The blue brightness snapped to a small point in the centre of his field of vision, like the picture on a television screen when the Off switch is clicked. This point shrank until the final pixel of light hung starlike for an instant but then silently imploded and was gone.

Rose Tucker leaned across the table toward him.

Joe peered into her commanding eyes — and perceived something different from what he had seen before. The sorrow and the pity, yes. They remained. The compassion and the intelligence were still there, in as full measure as ever. But now he saw — or thought he saw — some part of her that rode a mad horse of obsession at a gallop toward a cliff over which she wanted him to follow.

As though reading his thoughts, she said, ‘Joe, what you’re afraid of has nothing to do with me. What you’re truly afraid of is opening your mind to something you’ve spent your life refusing to believe.’

‘Your voice,’ he said, ‘the whisper, the repetitive phrases— Open your heart, open your mind— like a hypnotist.’

‘You don’t really believe that,’ she said as calmly as ever. ‘Something on the Polaroid,’ he said, and heard the quiver of desperation in his voice.

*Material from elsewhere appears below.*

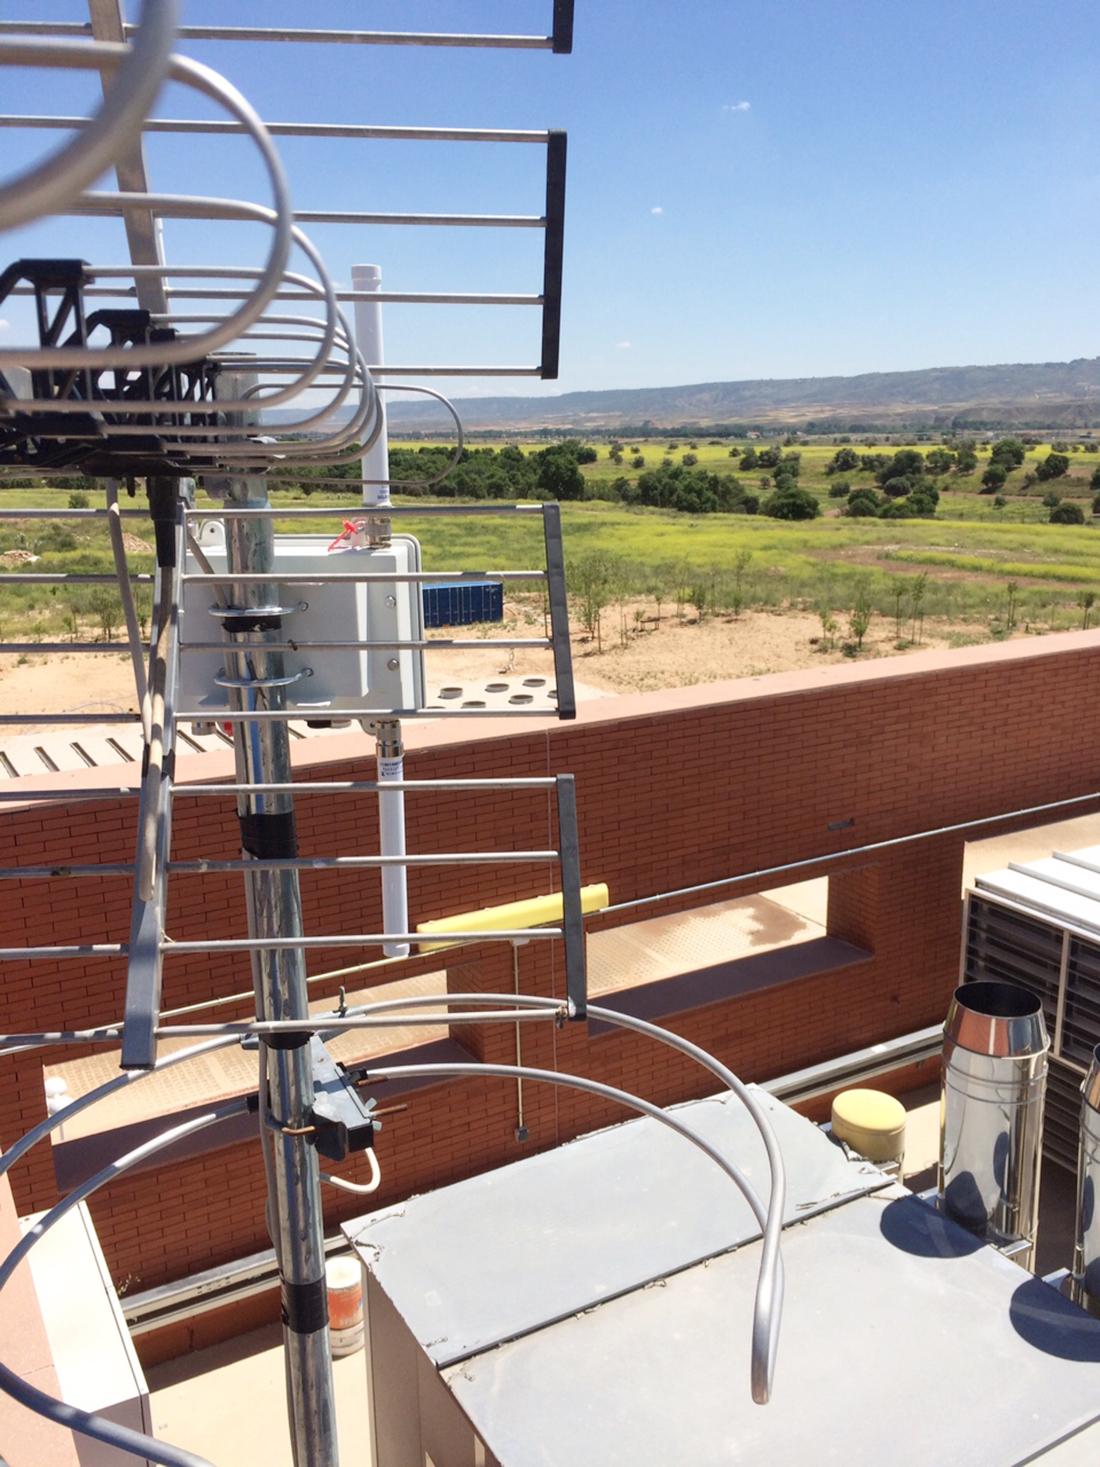 Meshlium IoT Gateway installed next to iMETland

‘What do you mean?’ she asked.

‘A chemical substance.’

‘No.’

An hallucinogenic drug. Absorbed through the skin.’

‘No.’

‘Something I absorbed through the skin,’ he insisted, ‘put me in an altered state of consciousness.’ He rubbed his hands on his corduroy jacket.

‘Nothing on the photograph could have entered your bloodstream through your skin so quickly. Nothing could have affected your mind in mere seconds.’

‘I don’t know that to be true.’

‘I do.’

‘I’m no pharmacologist.’

‘Then consult one,’ she said without enmity.

‘Shit.’ He was as irrationally angry with her as he had briefly been angry with Barbara Christman.

The more rattled he became, the deeper her equanimity. ‘What you experienced was synesthesia.’

‘What?’

All scientist now, Rose Tucker said, ‘Synesthesia. A sensation produced in one modality when a stimulus is applied in a different modality.’